Friday, January 2, 2015

Dog Day Afternoon

Happy New Year online readers! I would like to start this year off with a series of amazing films that star one of the most powerful actors in the industry, Al Pacino. Unlike how I usually just do a Friday review, there will be a review every Monday, Wednesday and Friday of this month of his movies. Let’s kick this month off with the 1975 classic, “Dog Day Afternoon.”

This movie is Sidney Lumet’s most accurate, most showy New York movie – that consistently crucial and energetic Lumet genre which also has “The Pawnbroker” and “Serpico” and exists completely surrounded by (but always separate from) the rest of his work. Lumet’s New York movies include many features of the city’s life as they are stories of the city’s life.

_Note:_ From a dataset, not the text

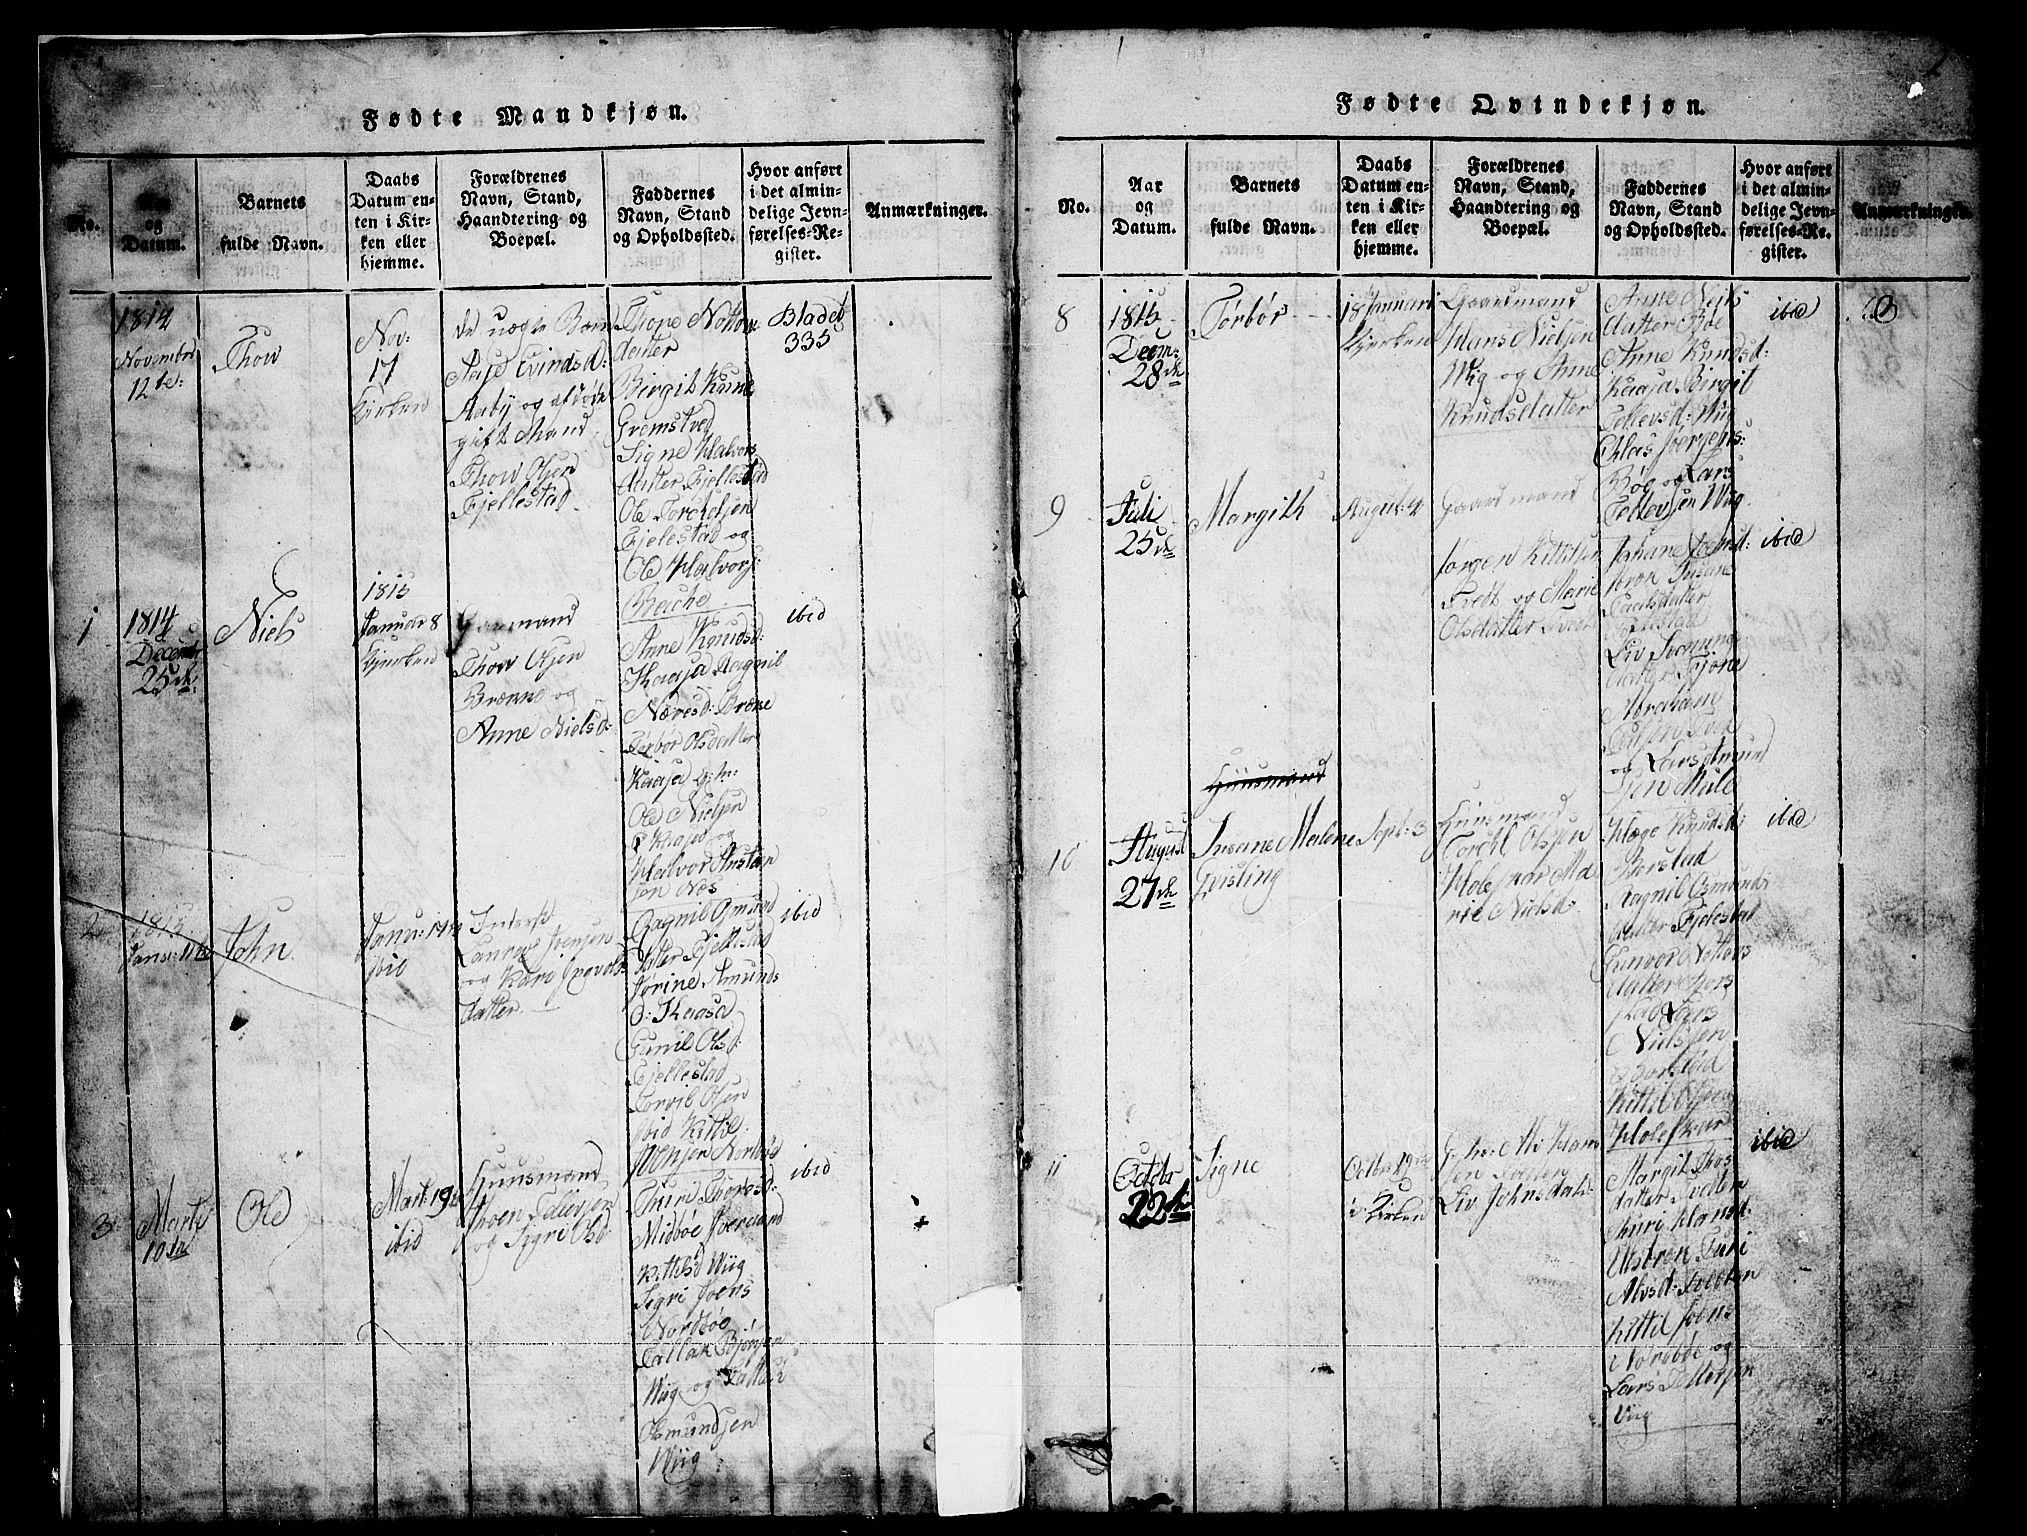 SAKO, Nissedal kirkebøker, G/Ga/L0001: Klokkerbok nr. I 1, 1814-1860, s. 2

“Dog Day Afternoon” is a melodrama, based on an actual event, about a tragically bad planned Brooklyn bank robbery, and it’s wonderfully acted by actors who appear to have grown on the city’s sidewalks in the heat and depression of an endless midsummer.

Vincent Canby advised, “If you can let yourself laugh at desperation that has turned seriously lunatic, the film is funny, but mostly it's reportorially efficient and vivid, in the understated way of news writing that avoids easy speculation.”

Each of the many major lives it touches has been grotesquely bent out of shape. The director and Frank Pierson, who wrote the great screenplay, don’t try to give reasons. The movie only says what happened and no more. This strictly limits the film’s emotional part, but not its seriousness or its fascinations. Canby describes this movie as “a gaudy street-carnival of a movie that rudely invites laughs at inappropriate moments, which is in keeping with the city's concrete sensibility.”

Since I wasn’t around for the actual event, I will let Canby tell you about it: “The incident on which the film is based was the attempt to rob a branch of the Chase Manhattan Bank on Aug. 22, 1972. The two bandits, one of whom was seeking money for a sex-change operation for a boyfriend, failed miserably, after they held the bank's employes hostage for 14 hours, appeared live on television, became the center of an impromptu neighborhood Mardi Gras, and negotiated for a jet plane to fly them out of the country.”

Lumet’s film is mainly concerned with the robbery attempt and the time it took. Only briefly does the camera view outside and away from the lower-middle-class neighborhood of apartments over pizza parlors, barber shops and barrooms. Once in a while we see the neighborhood in a high, cloudy long-shot, the tar-paper shingles shining in the reflected heat.

Mostly the film takes place inside the bank. This concentration in space and time is responsible for a good majority of the film’s dramatic strength.

Also are the brilliant characterizations by the actors in this large cast, including Pacino, who Canby says is “as the (probably) more than a bit mad mini-mind of the holdup, a man with bravura style when he plays to the crowds outside the bank but apparently quite demented in his personal relationships.”

He promises his love for his wife (Susan Peretz) and children and even his boyfriend, who he “married” in a drag wedding a few months earlier with his mother (Judith Malina) as a witness. On the other hand, his boyfriend, played with just the right combination of fear, dignity and absurdity by Chris Sarandon (Susan Sarandon’s ex-husband), shows that his would-be supporter has tried to kill him many times.

The other actors that everyone who has seen this movie remembers are Penny Allen as the bank’s professional head teller, Estelle Omens as a woman teller at that age who is against profanity especially under stress (“My ears aren’t garbage cans”), John Cazale as Pacino’s sidekick in the robbery, a man who doesn’t smoke because “the body is the temple of the Lord,” and James Broderick (Matthew Broderick’s dad) and Charles Dunning as the main officers of the law. Of certain interest is Peretz as Pacino’s wife, who we see the twist of city pain, anger, charm and violence, which is one of the things that “Dog Day Afternoon” is all about.

What everyone remembers about this movie is Pacino out in the street yelling, “Attica! Attica! Attica!” This has become one of the most memorable quotes ever in film history. If you haven’t seen this movie, what are you waiting for? If you’re a Pacino fan, watch it and you’ll like it. This is one of my favorites.